The origins of de Lesseps' family are traceable back as far as the end of the 14th century. His ancestors, it is believed, came from Spain, and settled at Bayonne during the region's occupation by the English. One of his great-grandfathers, Pierre de Lesseps (Bayonne, 2 January 1690 – Bayonne, 20 August 1759), son of Bertrand Lesseps (1649–1708) and wife (m. 18 April 1675) Louise Fisson (1654–1690), was town clerk and at the same time secretary to Queen Anne of Neuberg, widow of Charles II of Spain, exiled to Bayonne after the accession of Philip V, and married on 7 January 1715 his great-grandmother Catherine Fourcade (2 June 1690 – 22 August 1760), by whom he had fourteen children, six of whom died in childhood: Dominique de Lesseps (1715–1794), Pierre de Lesseps (1716 – ?), Marie de Lesseps (1717–1722), Arnaud de Lesseps (1719–1726), Jean-Barthélémy de Lesseps (1720–1795), Marcel de Lesseps (1720–1730), Jean-Pierre de Lesseps (1721–1721), Catherine de Lesseps, Gracy de Lesseps (1725–1791), Plaisance de Lesseps (1727–1735), Michel de Lesseps (1729–1801), married in 1769 to Florence Verdier (1739–1822) (parents of Louise Thérèse de Lesseps (1770–1866), married in 1788 to Mathieu Belland (1764–1817)), Martin de Lesseps (1730–1807), married to Anna Caysergues (1730–1823) and had issue, Jeanne de Lesseps (1733 – ?), married in 1759 to Alexandre Dubrocq, and Etiennette de Lesseps (1735 – ?), married in 1761 to Pierre Simonin.

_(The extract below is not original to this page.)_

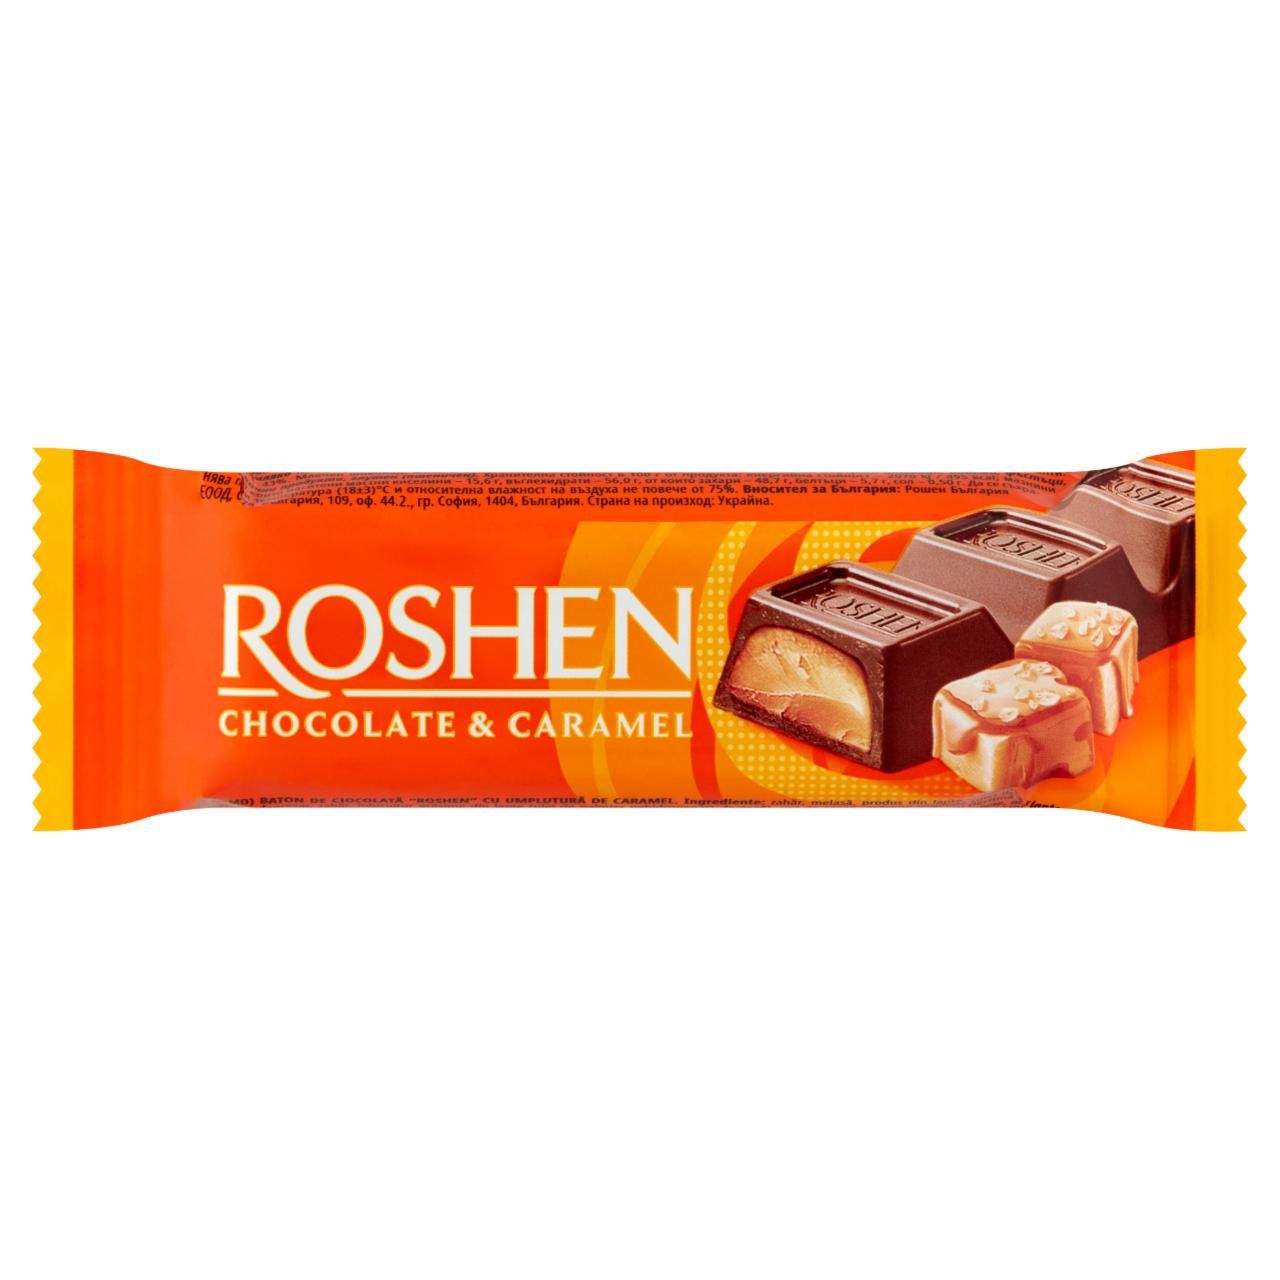 Fotografie - Chocolate & Caramel Roshen

From the middle of the 18th century the ancestors of de Lesseps followed diplomatic careers, and he himself occupied several diplomatic posts from 1825 to 1849. His uncle was ennobled by King Louis XVI, and his father was made a count by Napoleon I. His father, Mathieu de Lesseps (Hamburg, 4 May 1774 – Tunis, 28 December 1832), was in the consular service; his mother, Catherine de Grévigné (Málaga, 11 June 1774 – Paris, 27 January 1853, was Spanish on her mother's side, and aunt of the countess of Montijo, mother of the empress Eugénie. She was a daughter of Henri de Grevigné (baptised Notre-Dame-aux-Fonts, Liège, 2 June 1744) and wife (m. Málaga, 1766) Francisca Antonia Gallegos (1751–1853).
In 1956 Egyptian President Gamal Nasser used his name in a radio speech, as the codeword to his army to raid the Suez Canal Company's offices on 26 July 1956. This was the first step to the Suez Canal's nationalization. In the course of the raid and seizure of the canal by Egypt, the statue of de Lesseps at the entrance of the Suez Canal was removed from its pedestal, to symbolize the end of European ownership of the waterway. The statue now stands in a small garden of the Port Fuad shipyard.
In addition, Manuel Soto played the part in a 1944 Spanish feature film, Eugenia de Montijo. On television, Guy Marchand played de Lesseps in the 1983 French/German mini-series L'homme de Suez, and John Walters portrayed him in "The Panama Canal", an episode of the 2003 BBC docu-drama series Seven Wonders of the Industrial World.